The film begins with Mariam getting ready for a party with her college friends. She’s happy and silly and soon catches the eye of a handsome young man, Youssef. But when they leave the party to go for a walk on the beach, her happiness is destroyed. There she is raped by two policeman, while Youssef is forced to pay them extortion money. And in the aftermath she’s forced to confront the misogyny and corruption of the whole Tunisian police system. Trying to get help from the very institution that assaulted her, she is threatened and even beaten by a group of horrible men who only want her to go away.
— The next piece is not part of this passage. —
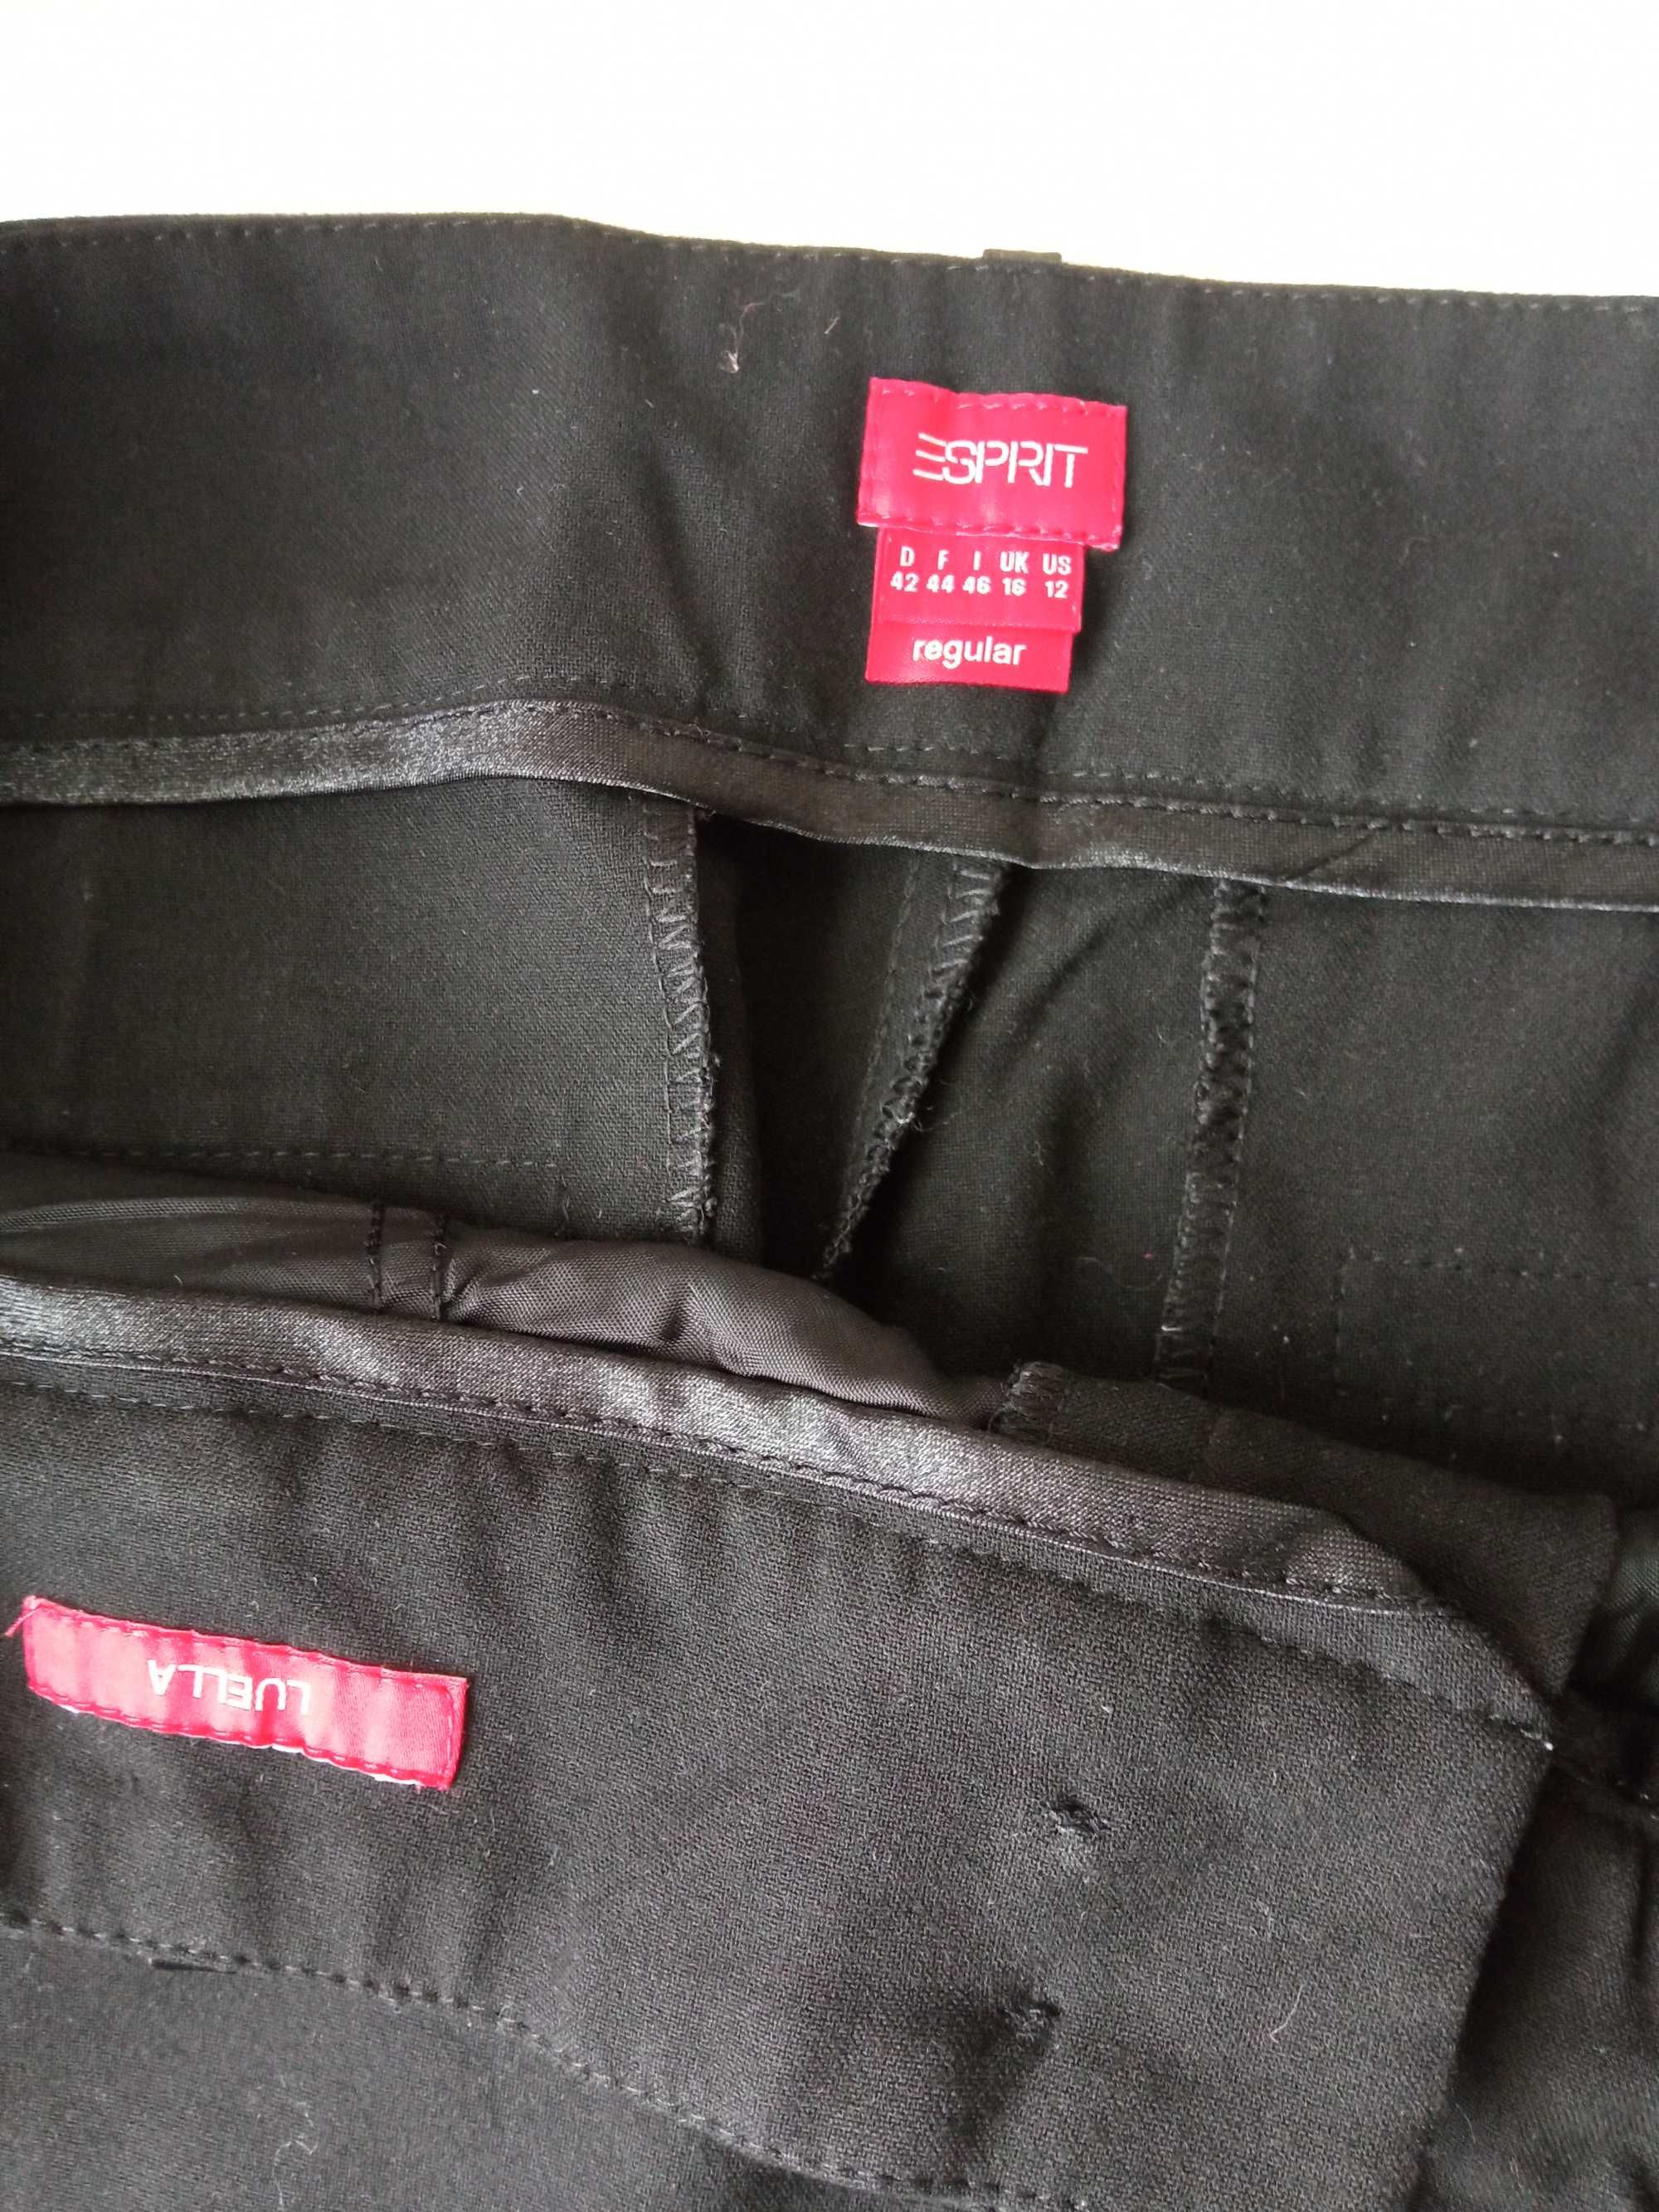 Esprit spodnie damskie ubraniowe szeroka nogawka r 42 pas 86-92cm

Youssef is there by her side urging her to go forward with her case, but nearly everyone in the police station is trying to beat her down with verbal threats and physical intimidation. They mis-write her statement, lie to her, and threaten her with arrest. And all the while the men who raped her are walking around the station still free to abuse her.

Beauty and the Dogs is not an easy film to watch. Since it is nine long takes, you feel like you’re there with Mariam every step of the way. Actress Mariam Al Ferjani captures the pain and fear and anger of her character extremely well. And you really just want to jump through the screen and punch these horrible men. It would be easy to see this film and pretend that it couldn’t happen here, but misogyny and systemic corruption are sadly universal. The film is “based on a true story,” and what a heroic young woman she must have been to stand up to those bullies. I recommend this to foreign film lovers, feminists, and young women looking for inspiration. You will be angry.